5. Induced hypotensive anaesthesia
This has been shown to be effective in decreasing blood loss and
requirements of allogeneic blood especially in orthognathic
surgery(44), although it has been associated with it’s own side effects.
Patient selection and appropriate monitoring is vital.
CONCLUSION
Around 700 000 units are transfused annually in South Africa.(30) As
perioperative physicians we are faced with making decisions regarding
blood administration almost on a daily basis.

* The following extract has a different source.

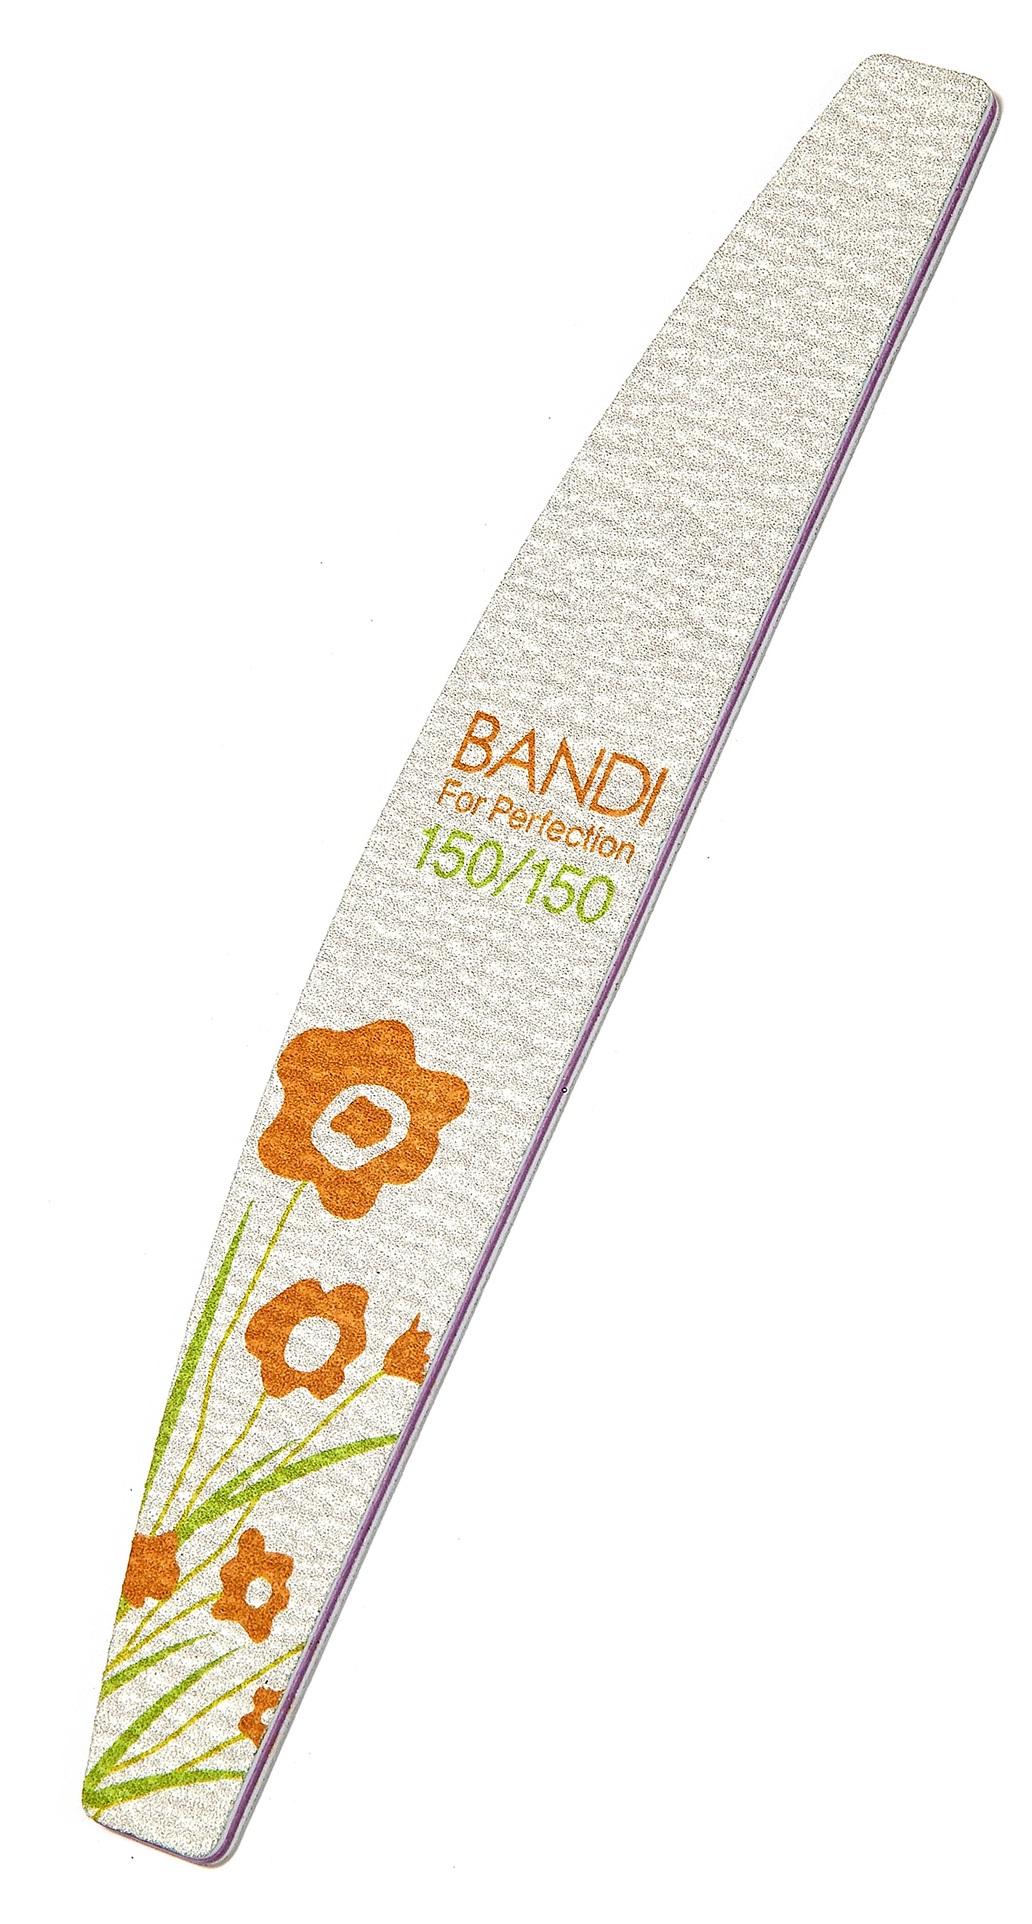 BANDI Пилочка для ногтей 150/150 / FILE 1 шт фото

Blood should only be
administered if it improves patient outcome. This is easier said than done
as there are so many variables to consider.

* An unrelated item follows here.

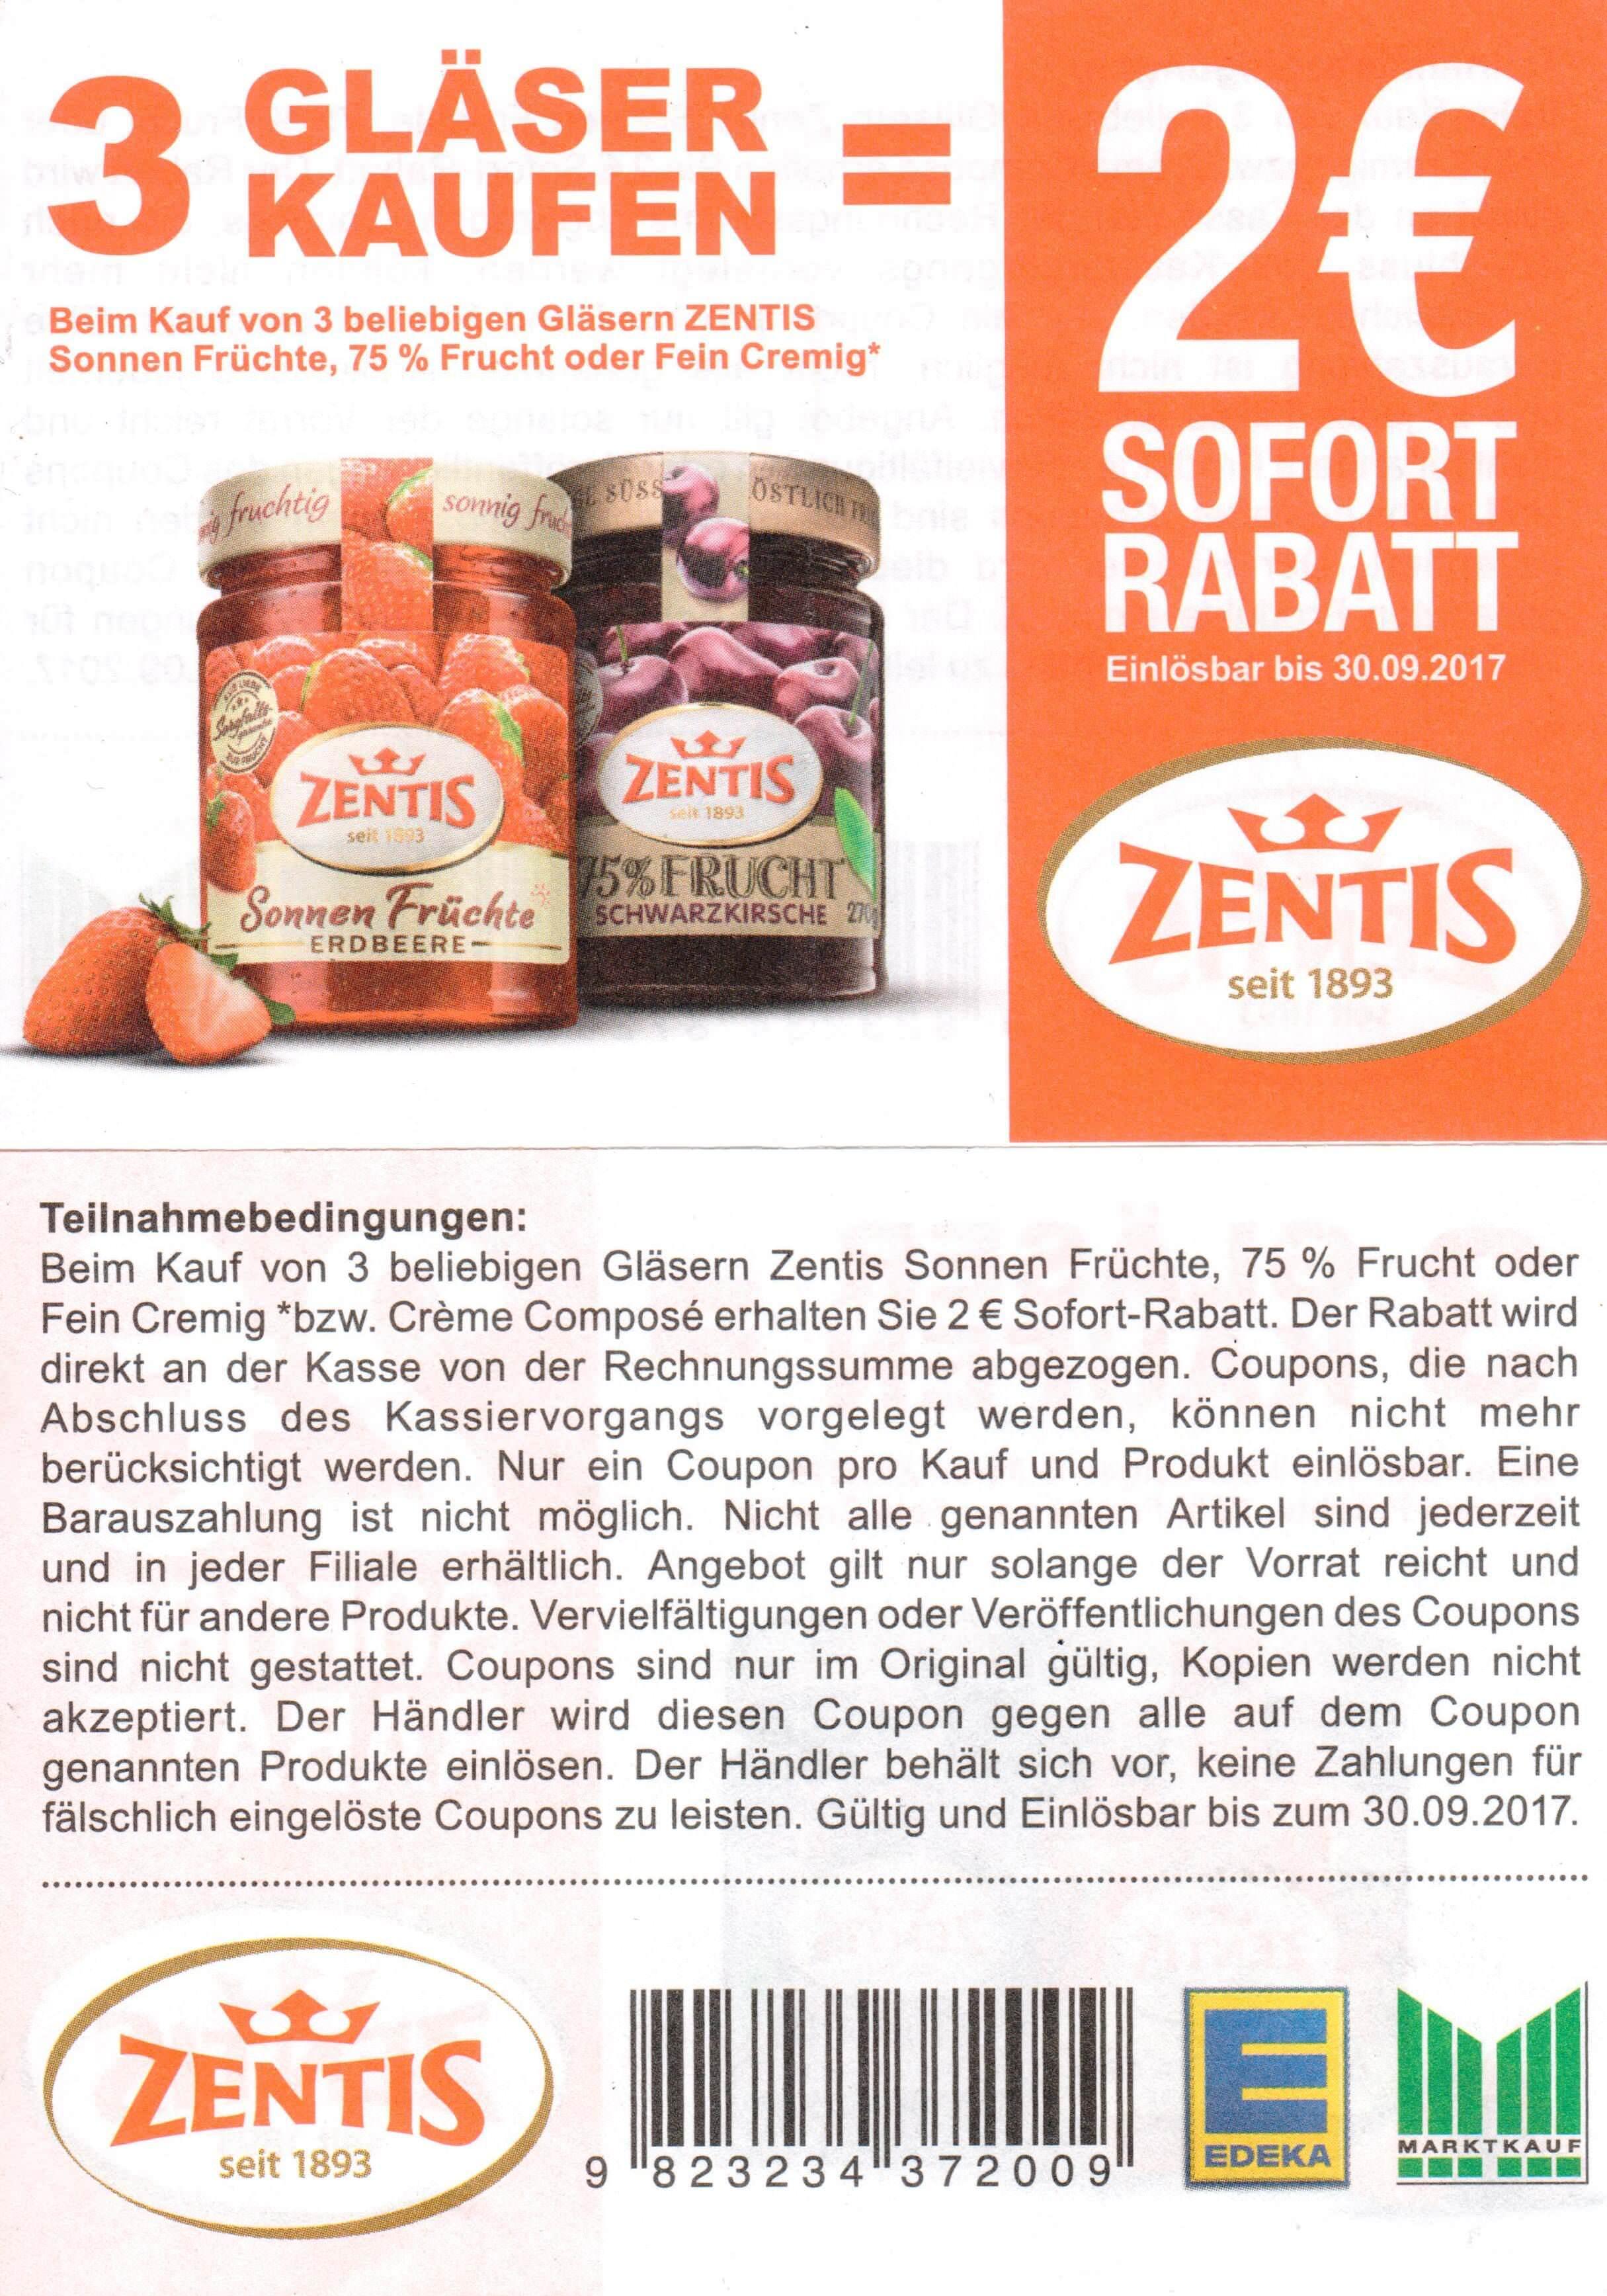 2,00€ Sofort-Rabatt-Coupon für 3 Gläser Zentis Sonnenfrüchte, 75% oder Fein Cremig bis 30.09.2017 [Marktkauf+Edeka]

As each of our patients physiological limits to anaemia differ (depending on
their state of health) the idea of a universal transfusion trigger has been
correctly scrutinized in the literature as being too a simplistic approach.
Although the use of physiological transfusion triggers e.g. mixed venous
oxygen saturation has been suggested to guide management, they are not
without limitations which need to be taken into consideration when used.
Evidence based medicine has been invaluable in guiding our practice. The
use of a liberal transfusion trigger (>9 g/dl) doesn’t have a better outcome
for the majority of patients compared to a restrictive transfusion trigger (7-9
g/dl).(38) In specific high risk patient groups like those with acute coronary
syndrome, the literature is insufficient to make recommendations with
regards to transfusion guidelines.(12) In these groups vigilance with regards
to monitoring for signs of tissue hypoxia is imperative to guide our decision.
Page 16 of 21
The resistance to change in blood transfusion practice by doctors is
affecting patient’s lives. I suggest following the ASA guidelines of 2006(40)
as these are the most applicable to us as anaesthetists. I would encourage
you to not only remember a specific number, but to use wisely all methods
available to you and to take into consideration all variables known by you,
to ensure tissue oxygenation and improve patient outcome. So before you
administer the next bag of blood to your patient, ask yourself this: If this
was me, would I want to receive this blood??